- STORED DATA:
• • • • • • •

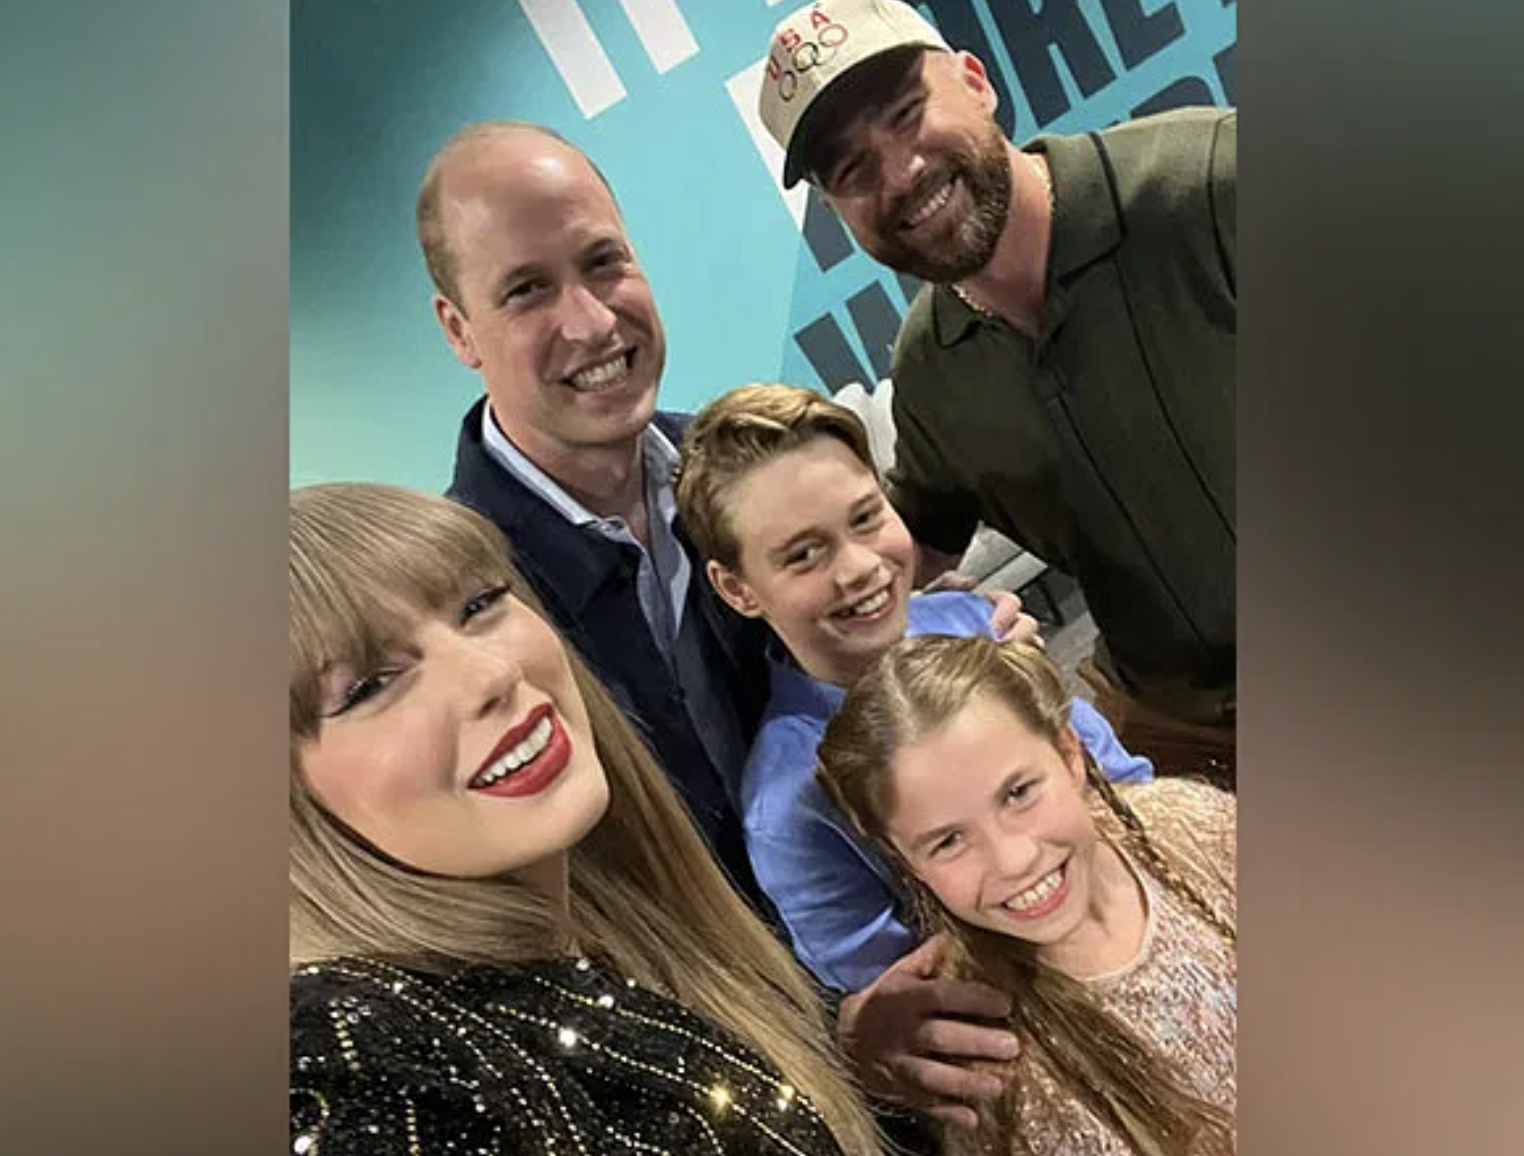 taylor-swift-drops-selfie-with-prince-william-his-kids-after-eras-tour-wembley-show
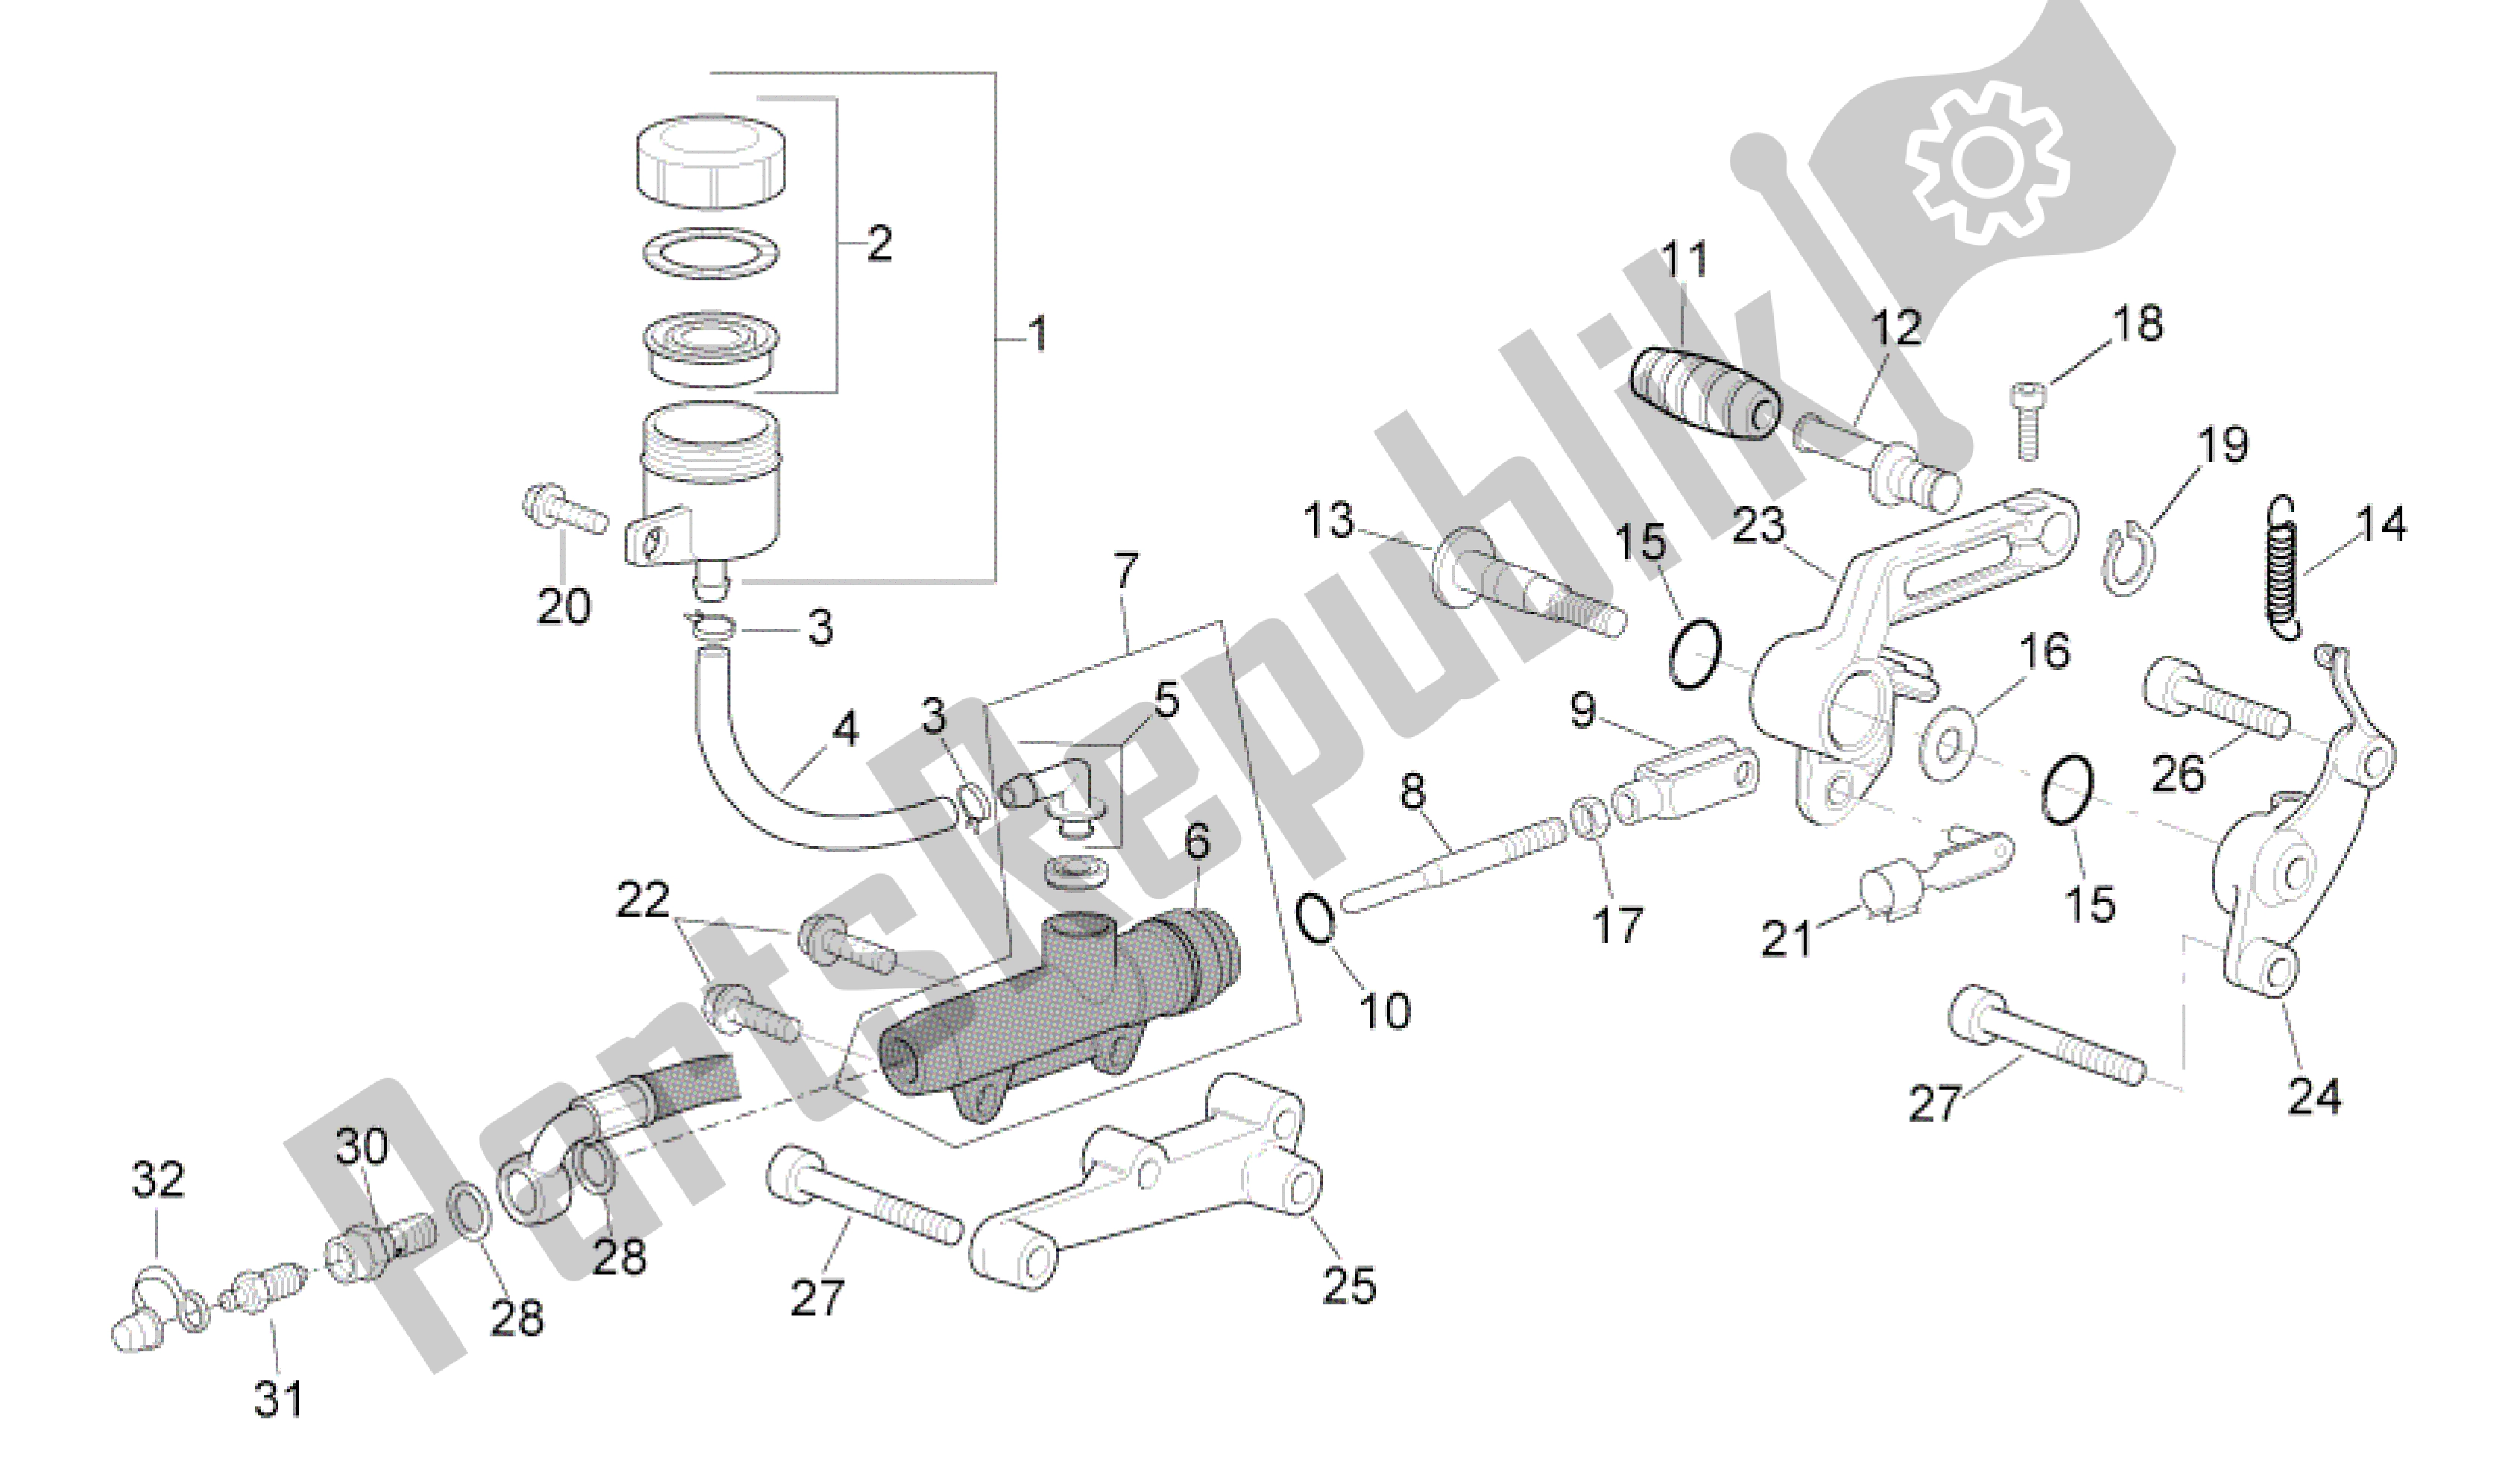 All parts for the Rear Master Cylinder of the Aprilia RSV Mille 3963 1000 2003
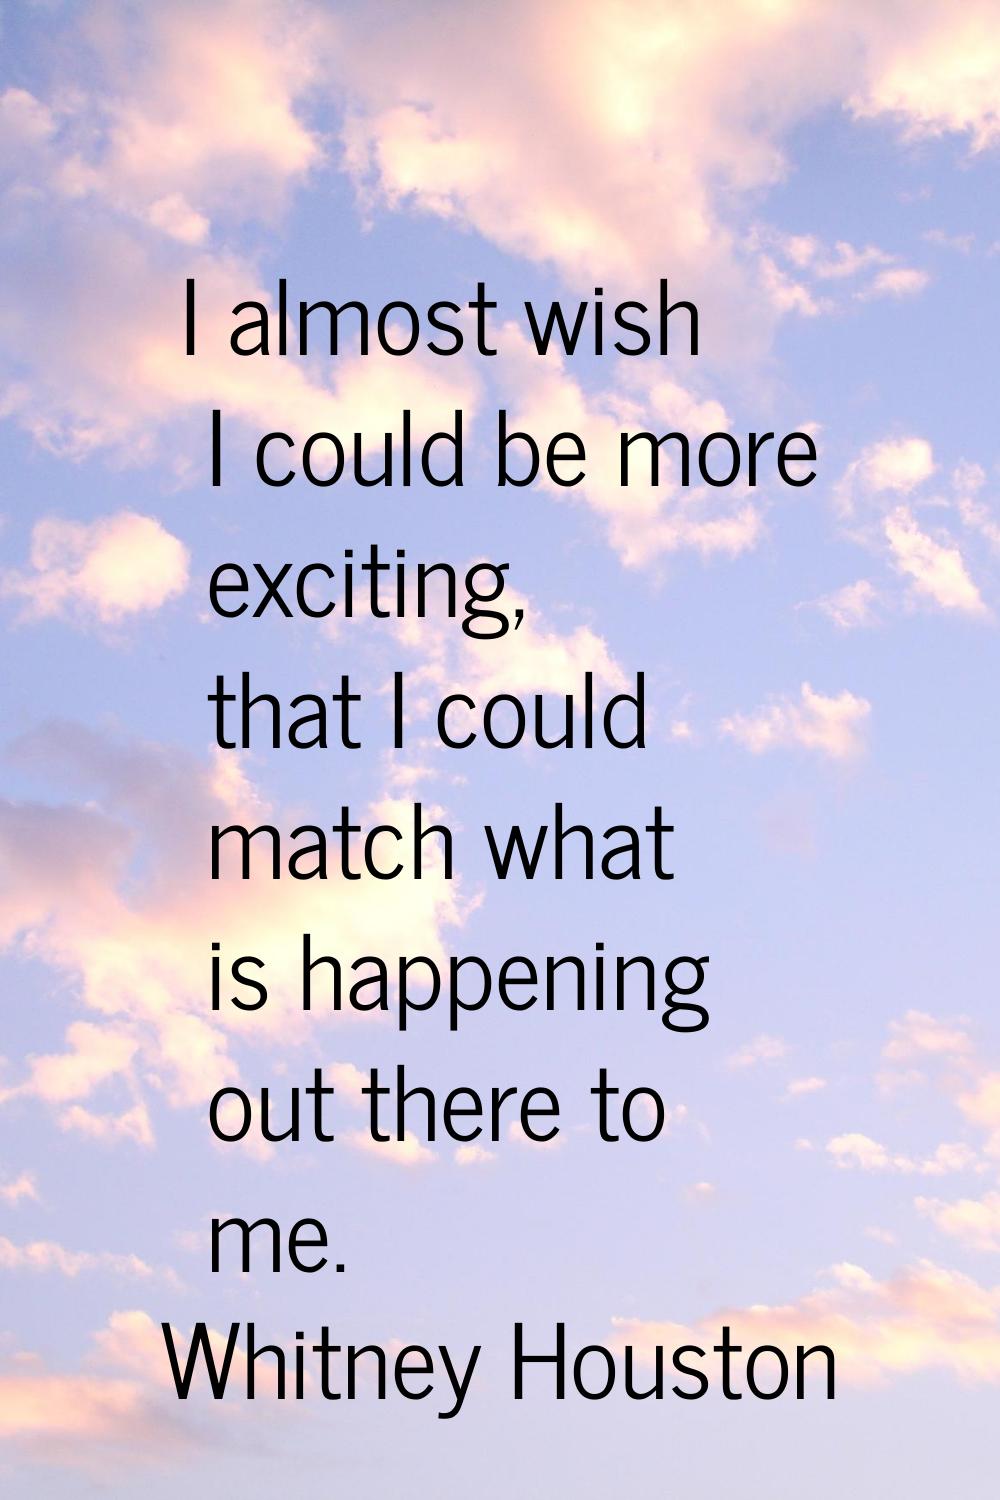 I almost wish I could be more exciting, that I could match what is happening out there to me.

• • • • • • •

- EXERCISE GOAL: When you reproduce the data shown above, keep each line exact and omit every picture.

- EXERCISE RESPONSE:
 taylor-swift-drops-selfie-with-prince-william-his-kids-after-eras-tour-wembley-show
 All parts for the Rear Master Cylinder of the Aprilia RSV Mille 3963 1000 2003
 I almost wish I could be more exciting, that I could match what is happening out there to me.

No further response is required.